How does np.transpose() permute the axis

I am trying to visualize the images in one batch of the data loader. I got this code snippet from Pytorch official site.

def imshow(inp, title=None):
    """Imshow for Tensor."""
    inp = inp.numpy().transpose((1,2,0))
    print(inp.shape)
    plt.imshow(inp)
    if title is not None:
         plt.title(title)
    # plt.pause(0.001)  # pause a bit so that plots are updated

# Get a batch of training data
image, label = next(iter(train_loader))
print(image.shape)
#print(label)
# Make a grid from batch
out = torchvision.utils.make_grid(image)
imshow(out, title=[label[x] for x in label])

However, I am not able to understand inp.numpy().transpose((1,2,0)), what transpose is doing here. I know that it permutes the axis. However, the corresponding tensor shape is torch.Size([4, 3, 224, 224]). In that case (1,2,0) corresponds to 3,224,4. Then how imshow is correctly displaying images?

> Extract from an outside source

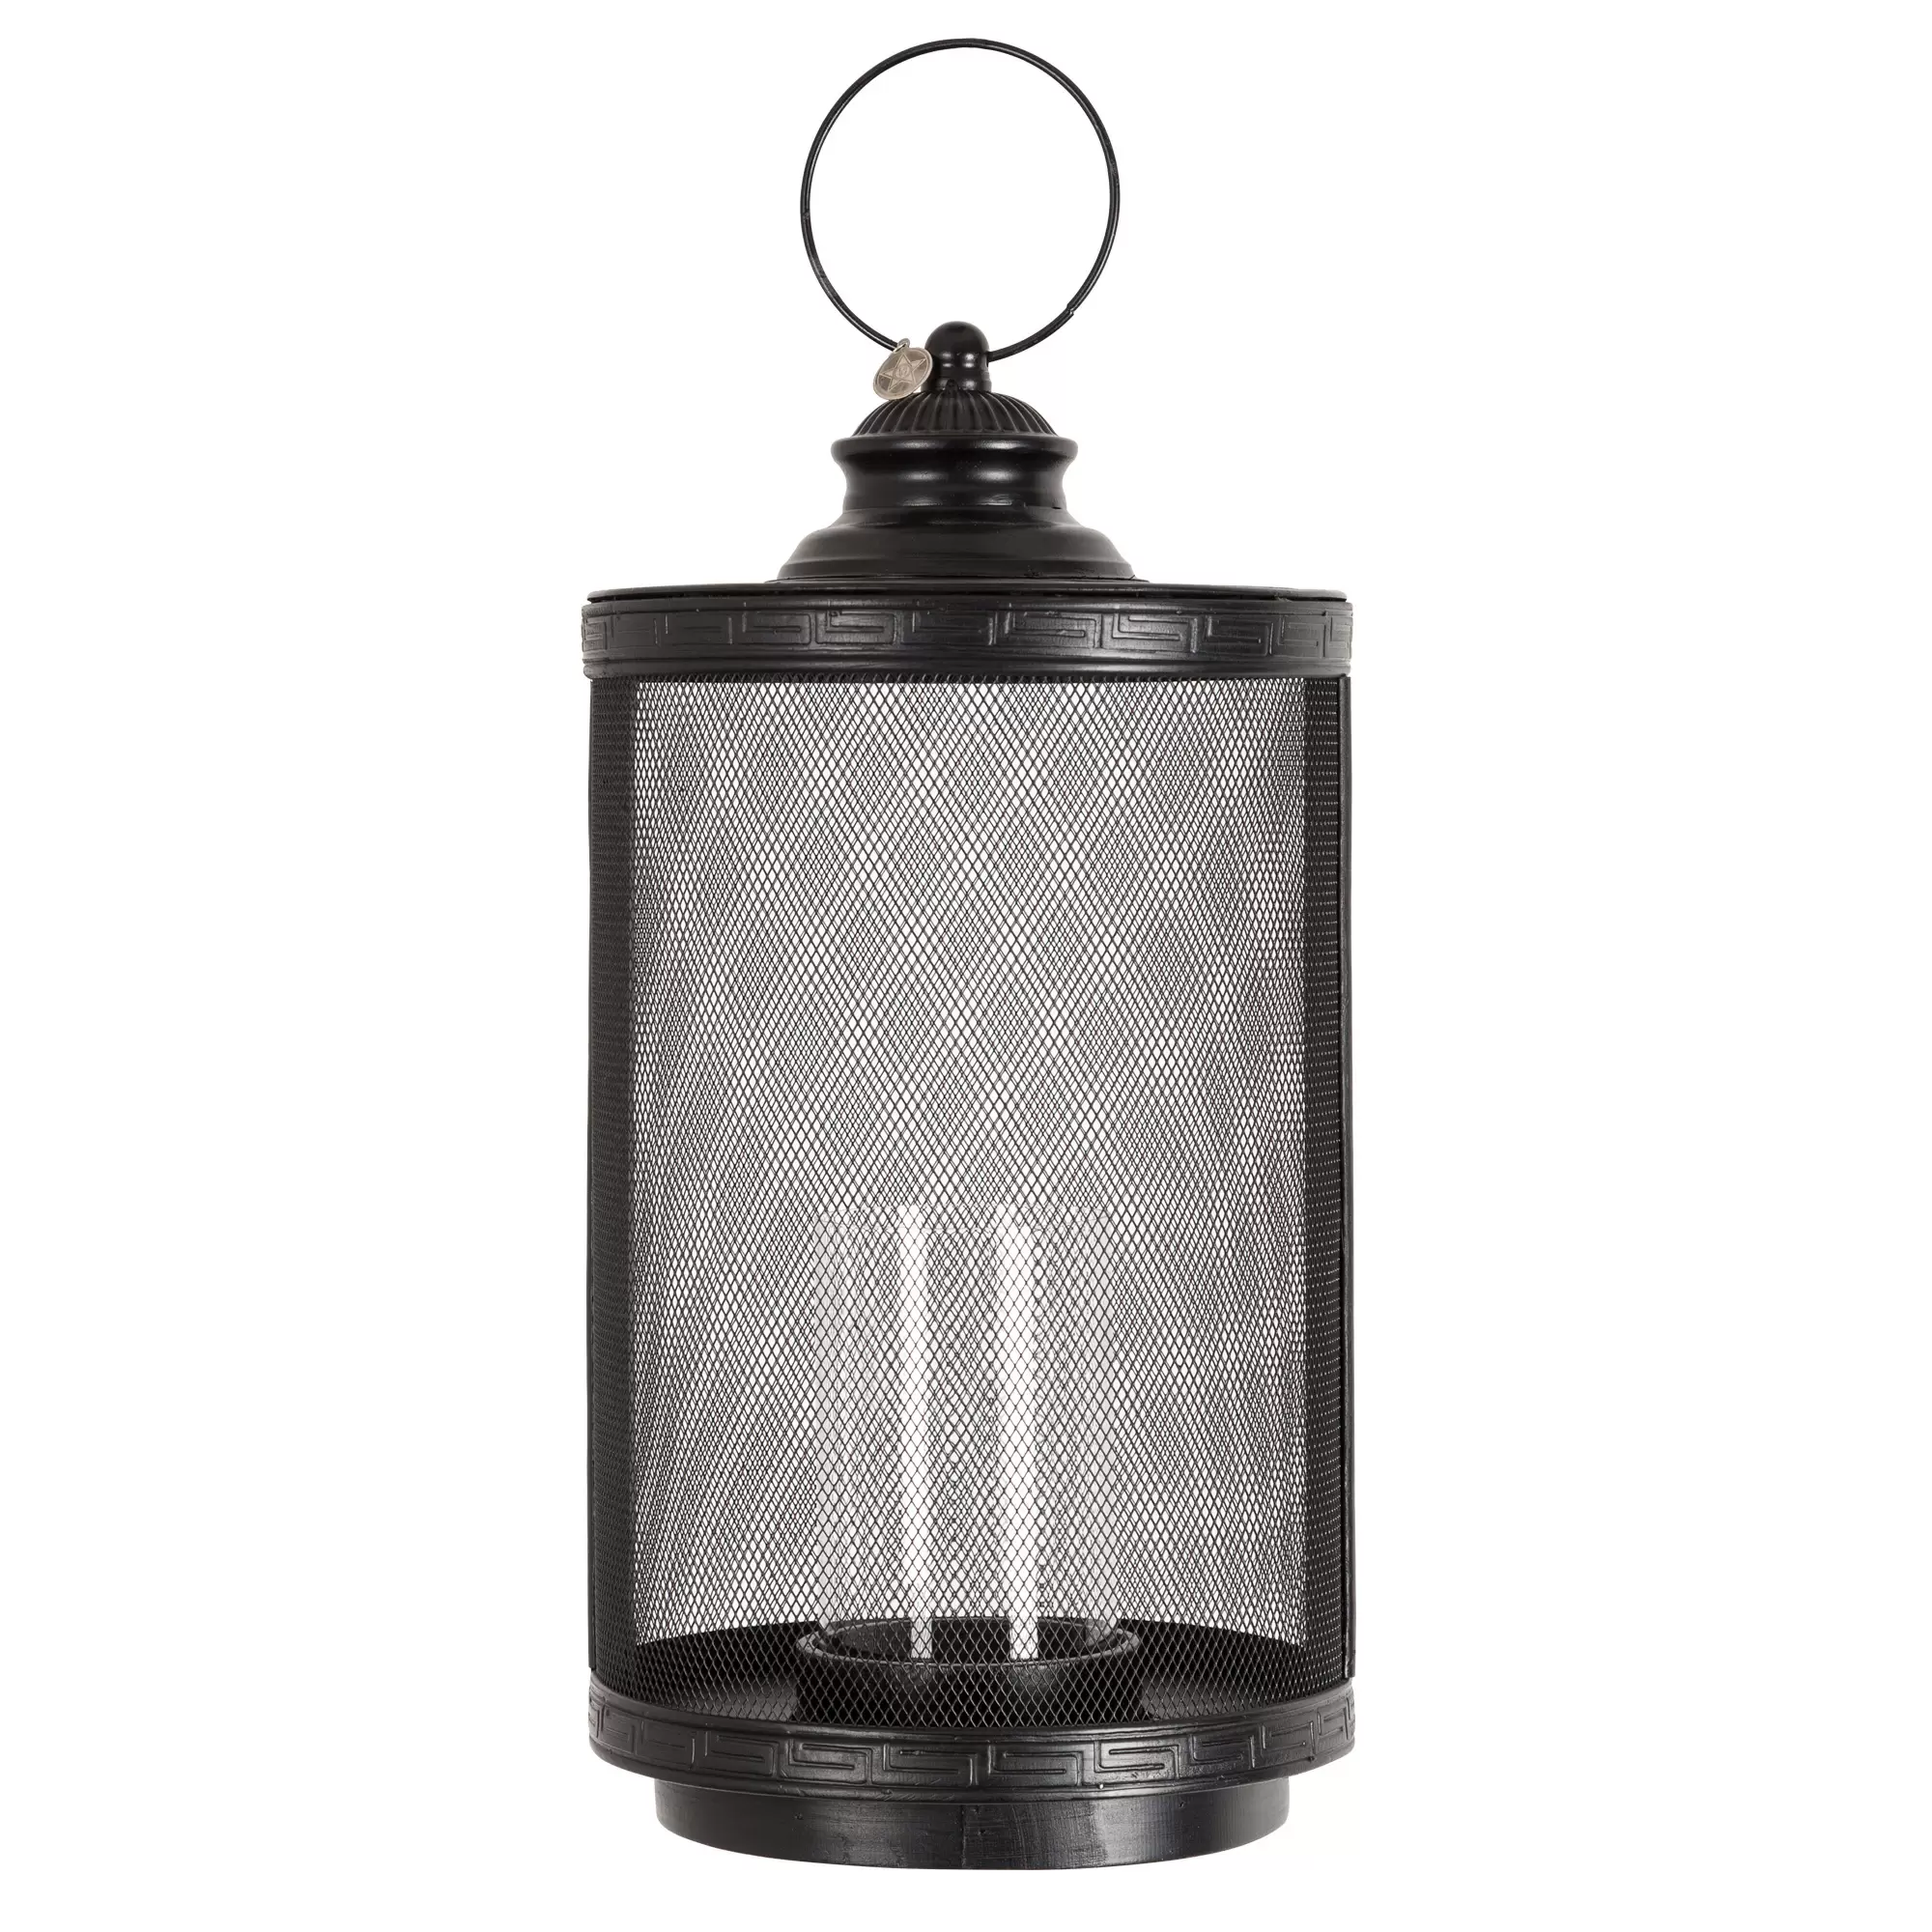 Windlicht Mythic lantaarn luxe uitvoering echt glas

Apart from that, the shape of the tensor image is 3,224,224. but when it is being transformed to ndarray why the shape is being changed to (228, 906, 3). Should it become 224, 224, 3.

Hi Aleemsidra!

You should get an error here. You need to pass four axes to numpy’s
transpose() to transpose a 4-d tensor.

I have no idea where your (228, 906, 3) is coming from. I get
(244, 244, 3), which is what you expect and want. (matplotlib’s
imshow() wants the three color channels as the last dimension,
rather than the first. That’s the purpose of the transpose().)

Here’s an illustration of these points:

>>> import torch
>>> torch.__version__
'1.7.1'
>>> inp = torch.randn (4, 3, 224, 224)
>>> inp.shape
torch.Size([4, 3, 224, 224])
>>> inp.numpy().transpose ((1, 2, 0))
Traceback (most recent call last):
  File "<stdin>", line 1, in <module>
ValueError: axes don't match array
>>> inp[0].shape
torch.Size([3, 224, 224])
>>> inp[0].numpy().transpose ((1, 2, 0)).shape
(224, 224, 3)

Best.

K. Frank

I realized that I am using make_grid function which is changing the dimension from 4d to 3d. It is also changing the the dimension from 224, 244,3 to 228,906,3. Which is still confusing for me that how it picks up this dimension.

The “grid” of images is created by flattening the images provided as a batch of image tensors (4D) into a single image tensor (3D).
The shapes are created by placing the images next to each other using the specified nrow and padding arguments as described in the docs.